# Mohamed ElBaradei



## DeadGuy (Jan 22, 2010)

To protest military rule, ElBaradei will not run for presidency | Al-Masry Al-Youm: Today's News from Egypt

What a shame 

I don't blame him though........


----------



## aykalam (Apr 12, 2010)

DeadGuy said:


> To protest military rule, ElBaradei will not run for presidency | Al-Masry Al-Youm: Today's News from Egypt
> 
> What a shame
> 
> I don't blame him though........


what a wasted opportunity for the country

here's his statement today, in English

Mohamed Elbaradei Quits Egypt Presidential Race « lifepasswords


----------



## hyper_janice (Jan 13, 2012)

A bit ambiguous speach from Elbaradei. Would have liked to hear why he thought the country was not headed toward democracy.


----------



## aykalam (Apr 12, 2010)

hyper_janice said:


> A bit ambiguous speach from Elbaradei. Would have liked to hear why he thought the country was not headed toward democracy.


he probably thought it would be abundantly obvious to anyone who's been following the news (other than on state tv I mean)


----------



## hyper_janice (Jan 13, 2012)

aykalam said:


> he probably thought it would be abundantly obvious to anyone who's been following the news (other than on state tv I mean)


The Cops killings, the latest crack downs in the square, the announcement of the SCAF stating they will have superior power over the government (which was then retracted) have all happened since quite some time has passed. I am wondering what he knows that would cause him to step down now. I watch Aljazeera more than any other channels and yes, the state tv is not my favorite to watch also as I have seen a lot of CRAP on there. 

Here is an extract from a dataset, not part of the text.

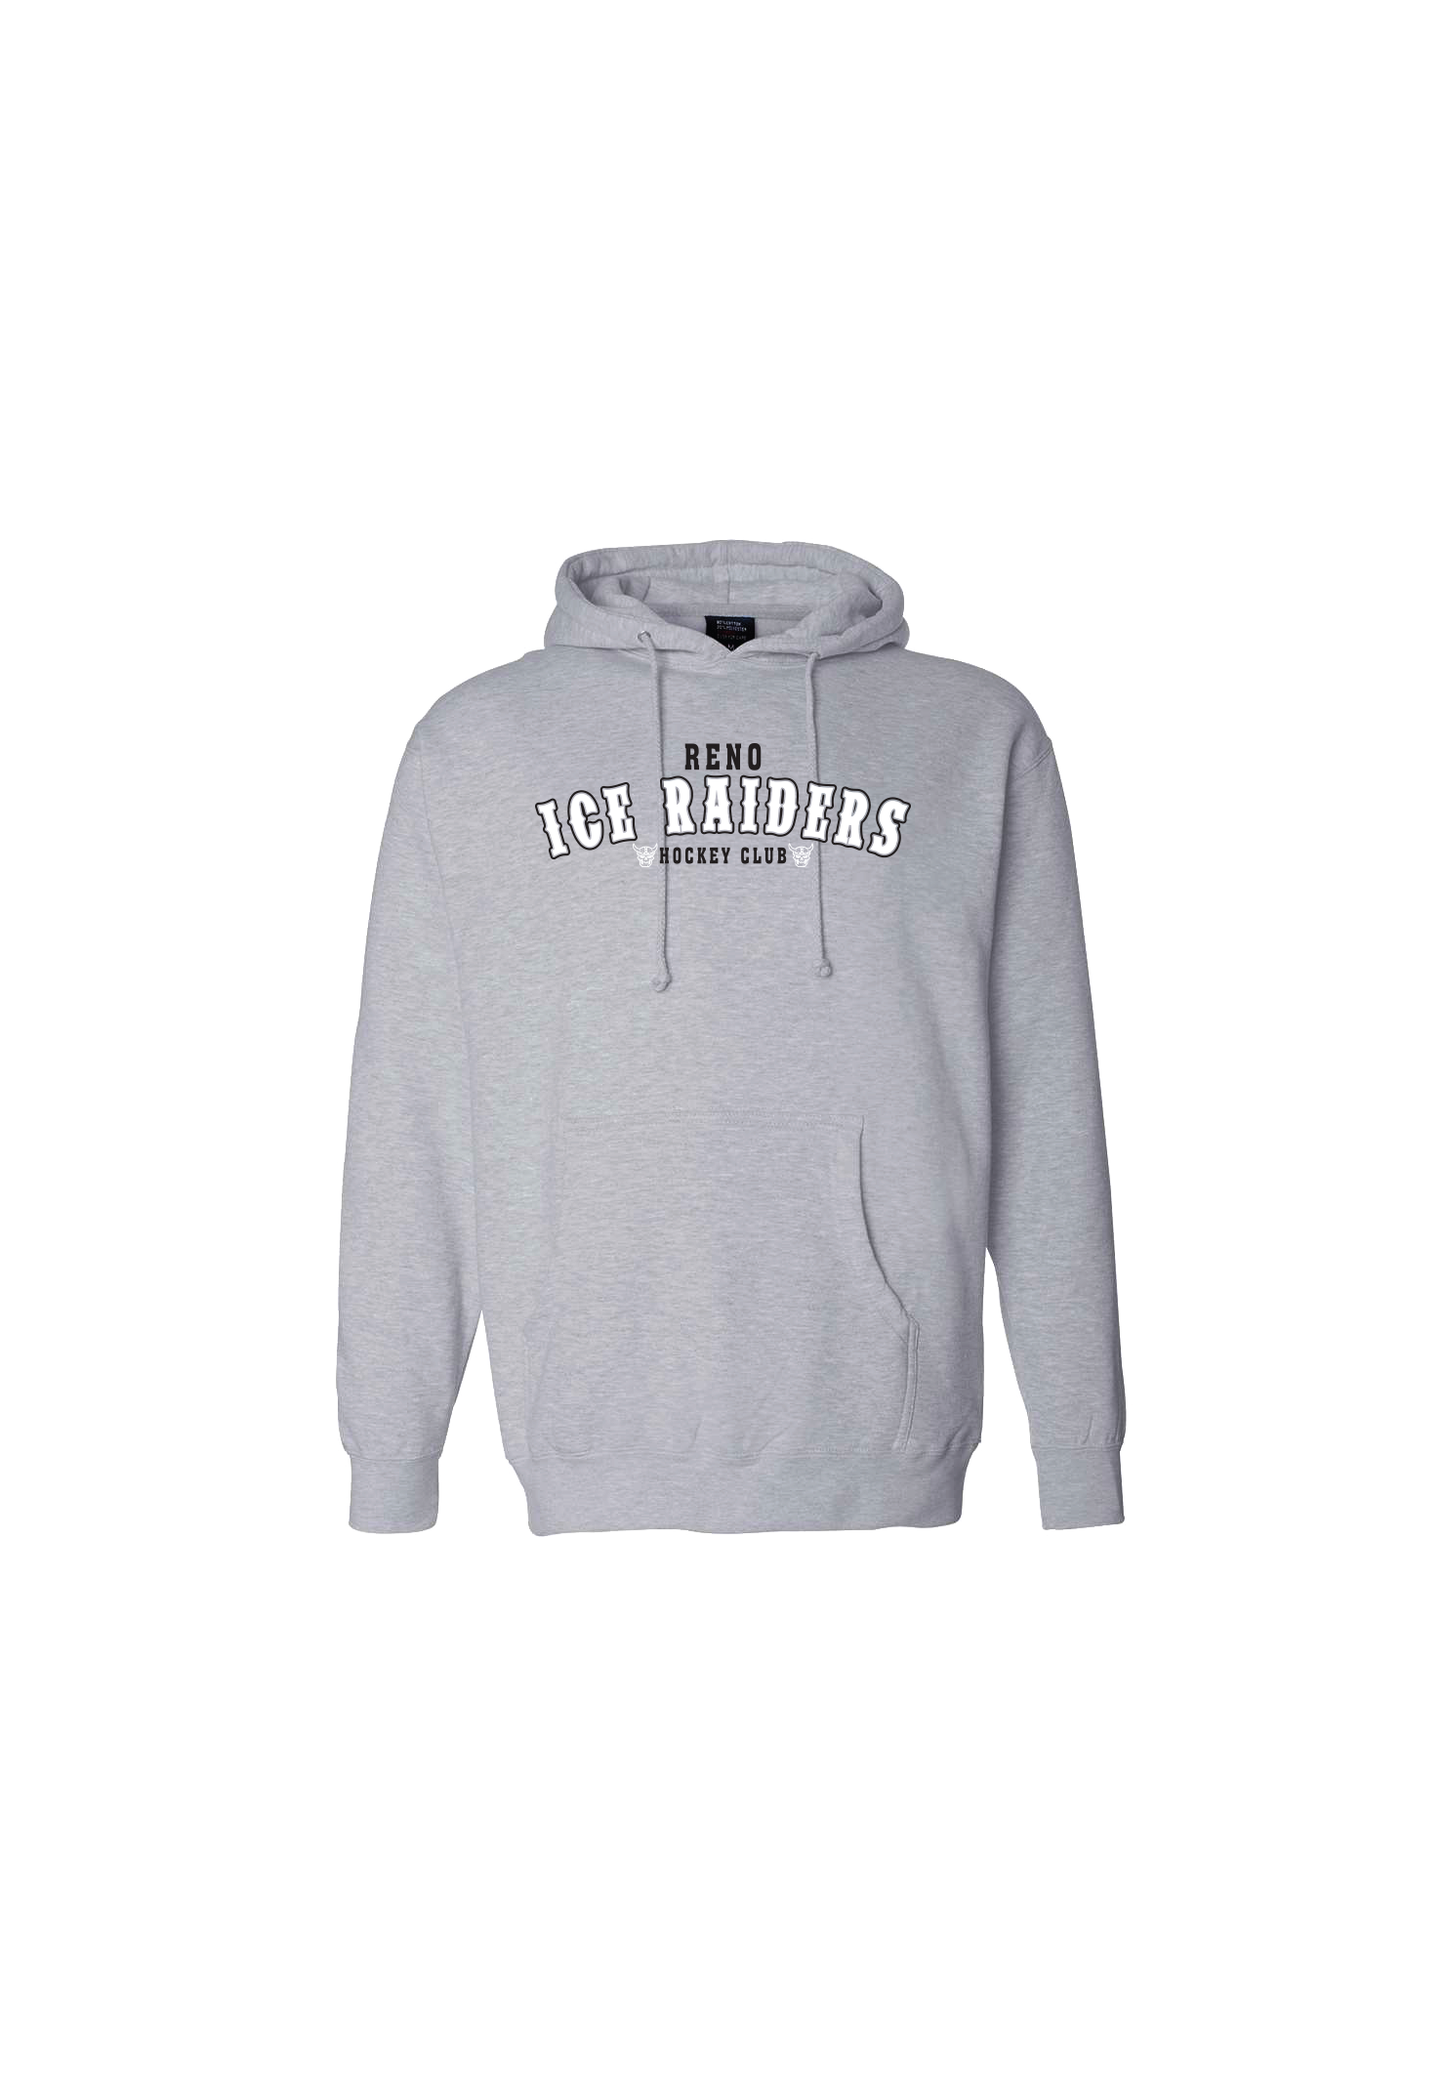 Ice Raiders Hockey Club Sweatshirt

By the way, thanks for the lovely welcome to this new website for me!


----------



## aykalam (Apr 12, 2010)

hyper_janice said:


> The Cops killings, the latest crack downs in the square, the announcement of the SCAF stating they will have superior power over the government (which was then retracted) have all happened since quite some time has passed. I am wondering what he knows that would cause him to step down now. I watch Aljazeera more than any other channels and yes, the state tv is not my favorite to watch also as I have seen a lot of CRAP on there.
> 
> By the way, thanks for the lovely welcome to this new website for me!


perhaps you'd care to introduce yourself so we get to give you a group hug


----------



## hyper_janice (Jan 13, 2012)

aykalam said:


> perhaps you'd care to introduce yourself so we get to give you a group hug


hmmmm wondering if that was sarcastic or heart felt. I can always use a hug. So here goes. 

My official introduction:

I am a 54 year old female that married an Egyptian. I was a power plant operator before I moved here four years ago. I'm crazy about my husband, miss my family back home and am a bit bored out of my mind. I cook, crochet, knit, sew and clean. Going from locomotive operator, tractor driver, car dumper, switching operator, to housekeeper has been a bit of a challenge. My husband's family has been hospitable beyond belief. 

I'm waiting for the group hugs, weather they be tongue in cheek or not.


----------



## aykalam (Apr 12, 2010)

hyper_janice said:


> hmmmm wondering if that was sarcastic or heart felt. I can always use a hug. So here goes.
> 
> My official introduction:
> 
> ...


Welcome to the forum 

and here's the promised group hug :grouphug:


----------



## expatagogo (May 31, 2010)

I find this a bit disappointing as I believed he brought balance.

(Oh, and welcome!)


----------